Overall, Match Group is a phenomenal business with huge opportunities still lying ahead. They are the dominant player in a secularly growing industry with many underpenetrated markets particularly internationally. They also have huge opportunities to improve ARPU through improved pricing as well as conversion of more users to paid subscribers.
Match also has multiple levers they can still pull including with advertising, which is another massive untapped source of revenue. Additionally, it has a great pipeline of products including Hinge, which is on a similar growth trajectory to Tinder but is being largely ignored in favor of the more established Tinder brand.
Ultimately, Match has a long runway of growth ahead if it can continue to execute on its core strategies and grow its user base.

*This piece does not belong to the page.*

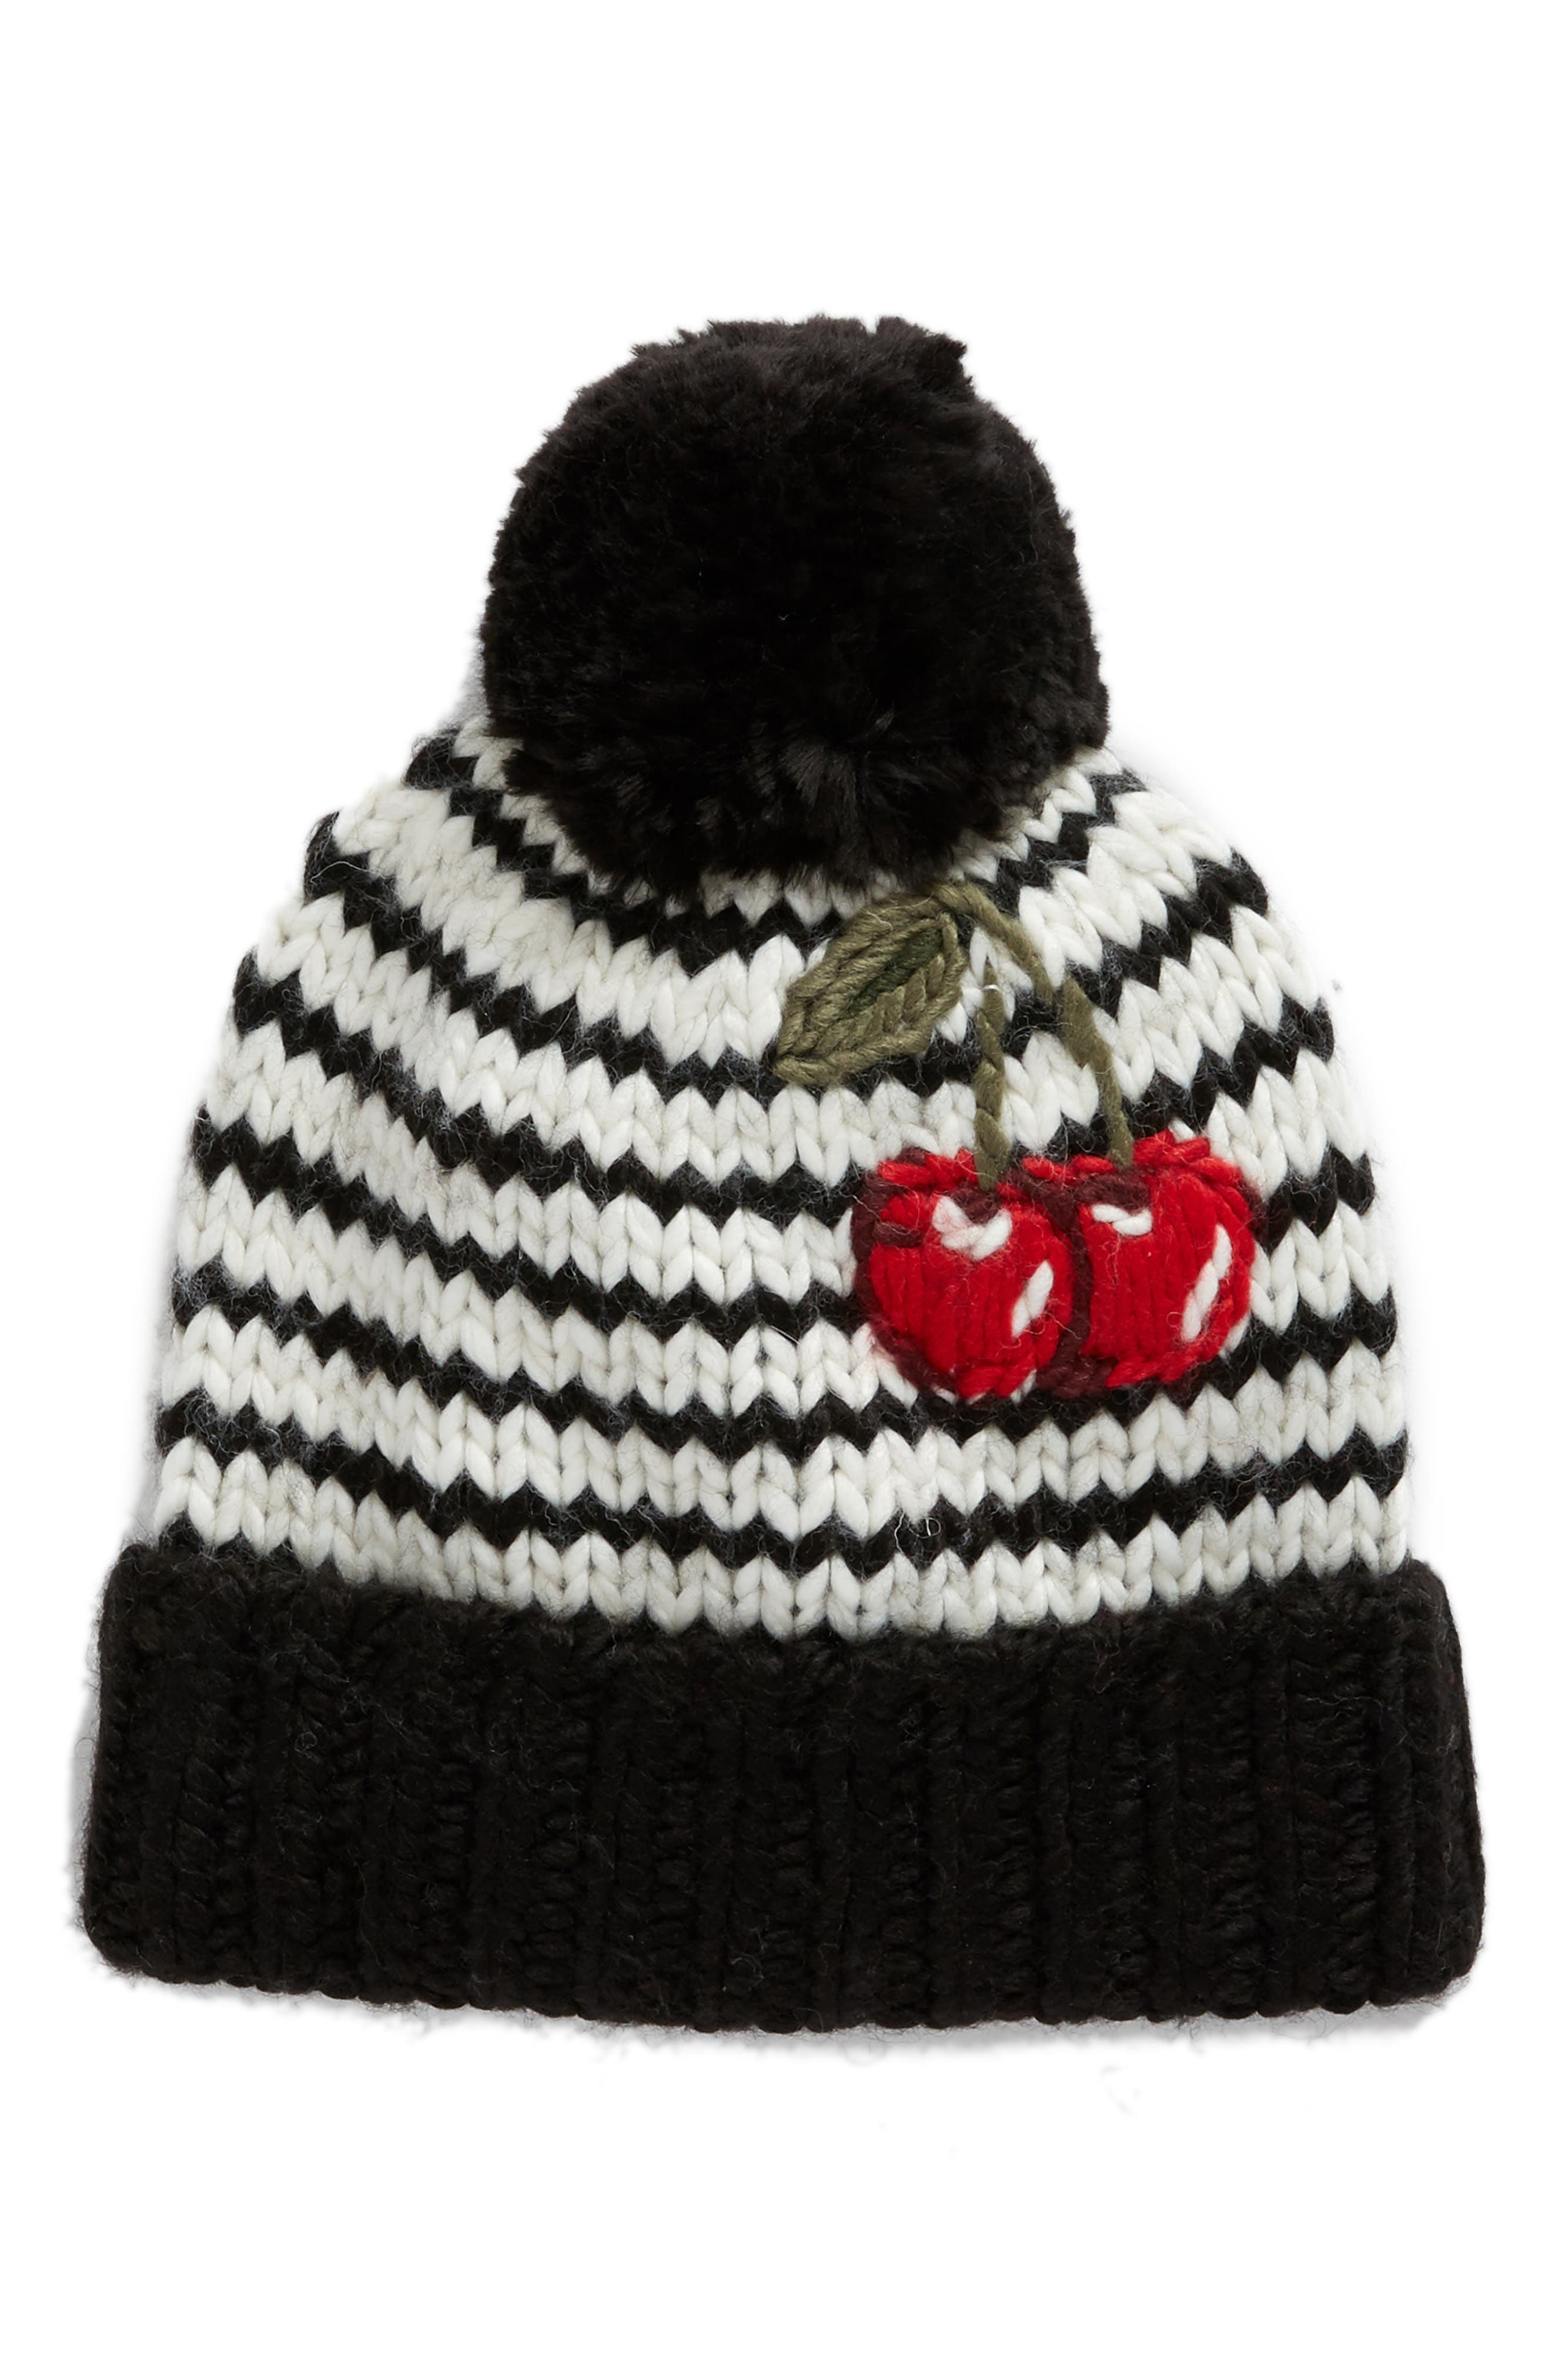 Alternate Image 1 Selected - kate spade new york ma cherie hand knit pom beanie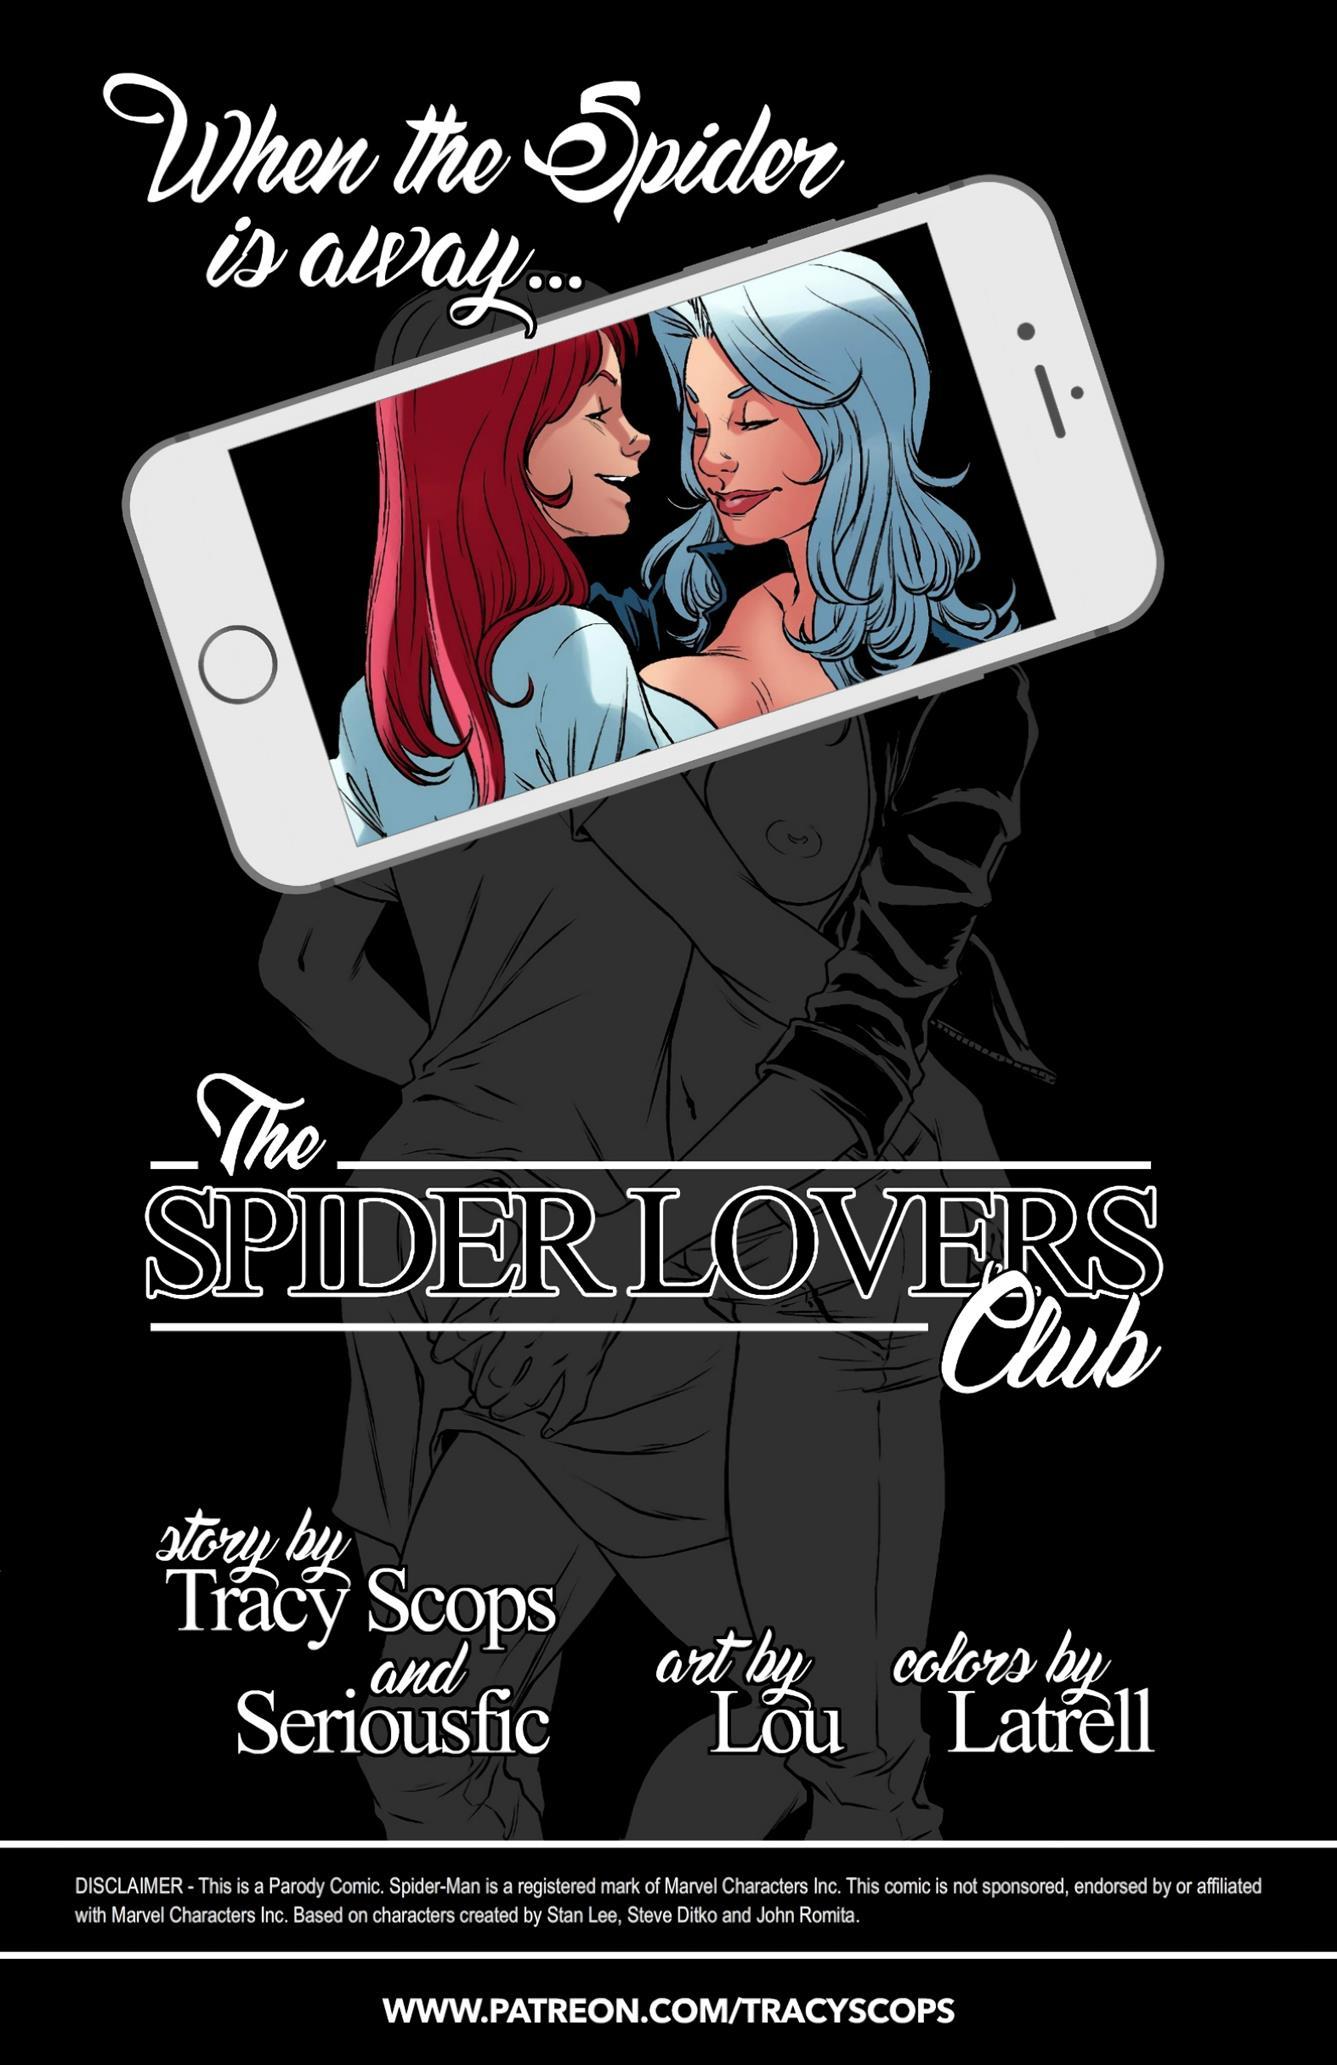 SPIDER LOVERS CLUB (Spider-man) [TracyScops]

The real potential lies in its opportunities to improve ARPU and advertising revenue, both huge opportunities for Match to improve margins and drive ROA expansion.
Management has proven their ability to compound capital at a high rate over the last 5 years. If they can execute as well as they have, users should swipe right on this dating stock.
Disclosure: I am/we are long MTCH. I wrote this article myself, and it expresses my own opinions. I am not receiving compensation for it (other than from Seeking Alpha). I have no business relationship with any company whose stock is mentioned in this article.